Get Over It and move on

Funguitar@aol.com
Wed, 5 Feb 1997 02:10:53 -0500 (EST)

Is there anyone who wants to see the dueling transcription methods continue
to clog this list?? Can we please put an end to it?

I get it. It ain't rocket science.

Just maybe we can recognize that writing is an important capability in the
progress of human history. (apparently email is the exception ;-) Writing is
good. Writing music is good. Writing solos is good. Other ways of retaining
information may also be good, e.g. memorizing. When trying to memorize,
multi-dimensional stimuli are more effective. Thus, to memorize a musical
passage, learning to sing it is a helpful step. Note this does not mean it is
a necessary step, nor the first step. Writing it is also a helpful step,
probably more exact and more persistent. It is certainly easier to share with
others (without having to go out and buy somebody's CD).

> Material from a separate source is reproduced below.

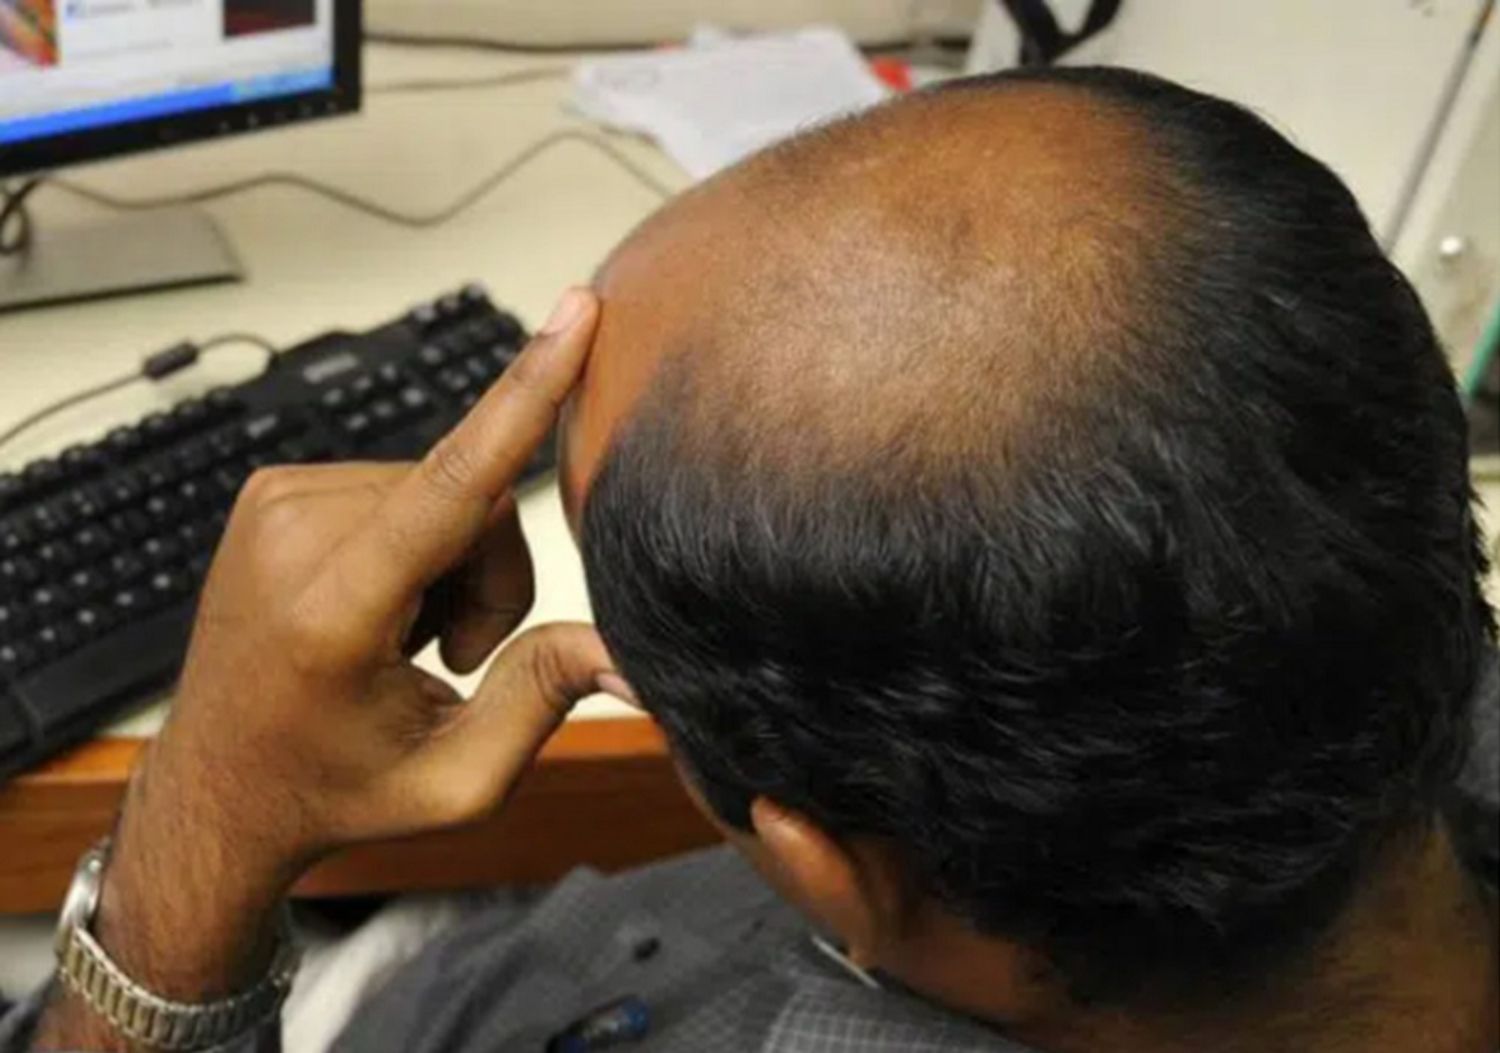 Không ngờ đầu hói lại là điểm trừ cực lớn của đàn ông trong mắt phụ nữ Ấn Độ (Ảnh minh họa)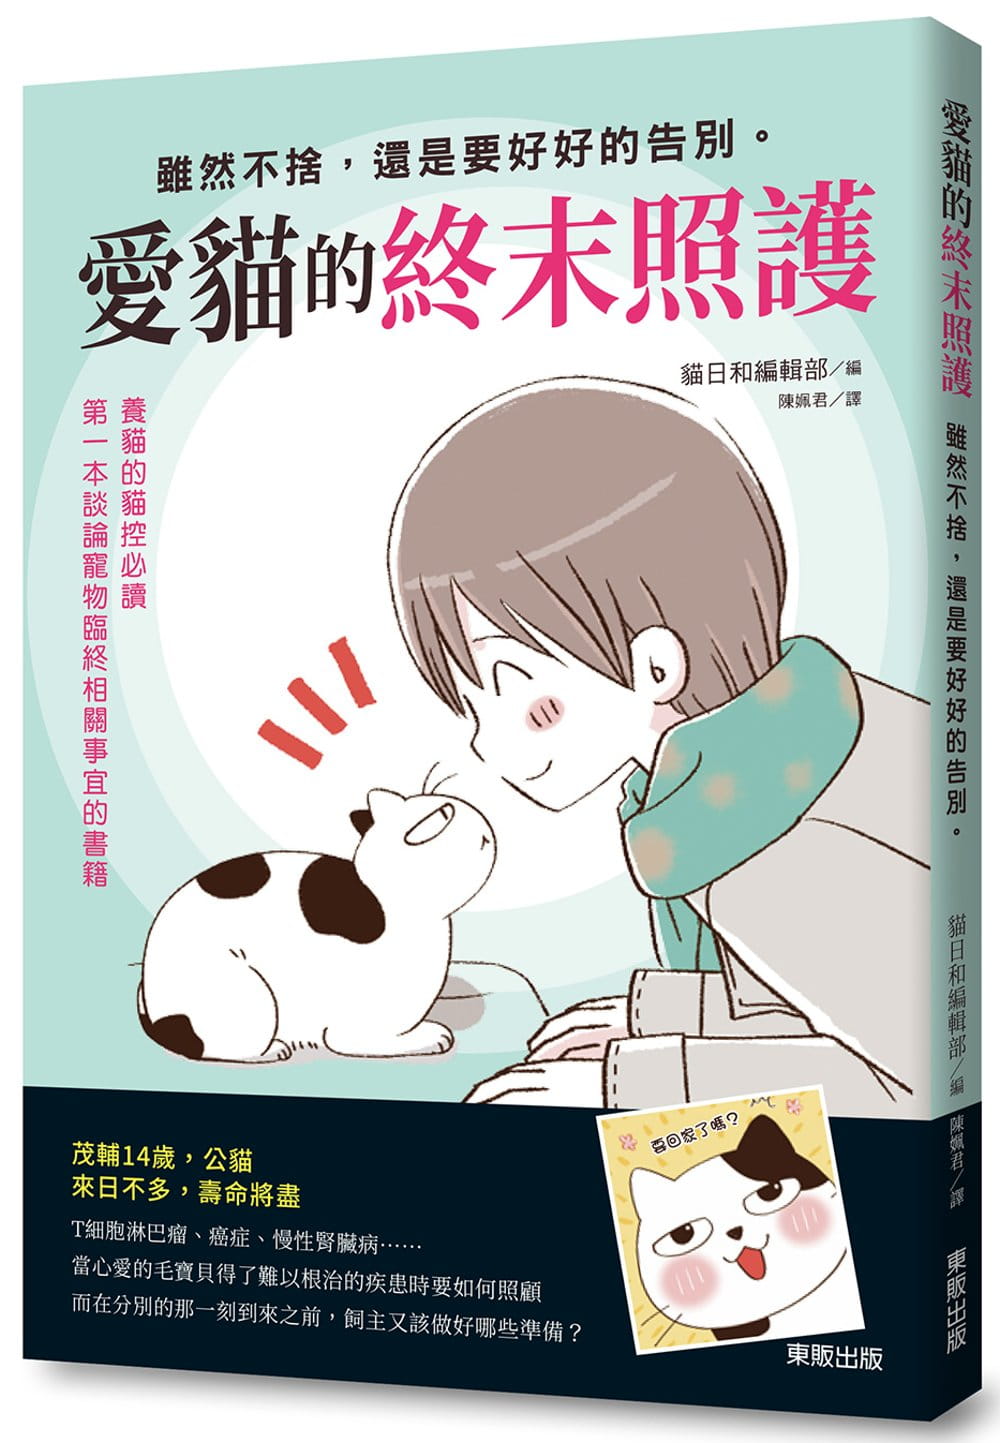 预售正版 原版进口图书 猫日和编辑部爱猫的终末照护虽然不舍 还是要好好的告别。台湾东贩 生活风格

In my humble opinion, learning to sing a passage enhances one's appreciation
of it and deepens one's emotion for it. To raise this simple, elementary
experience to an exalted method by which we should all learn jazz, and
without which we cannot be true believers is nonsense. To think we should all
follow it as the one true path because a famous musician did this and
advocated it (perhaps because it fit his own special needs very well) might
be just misguided hero worship.

Then again it might be salesmanship, as in marketing one's product (note the
"contact me for further truth" echos embedded in those messages).

Hopefully we can get on with other things now.

PS: Please don't turn it into a sophmoric debate on the wonderful,
transcendental purity attainable by internalizing through memory vs. the
crass rationalism of written notes, insufficient as they are to render all
aspects of a performance.
Hey man, even Dennis Hopper has moved on past the sixties. Get over it.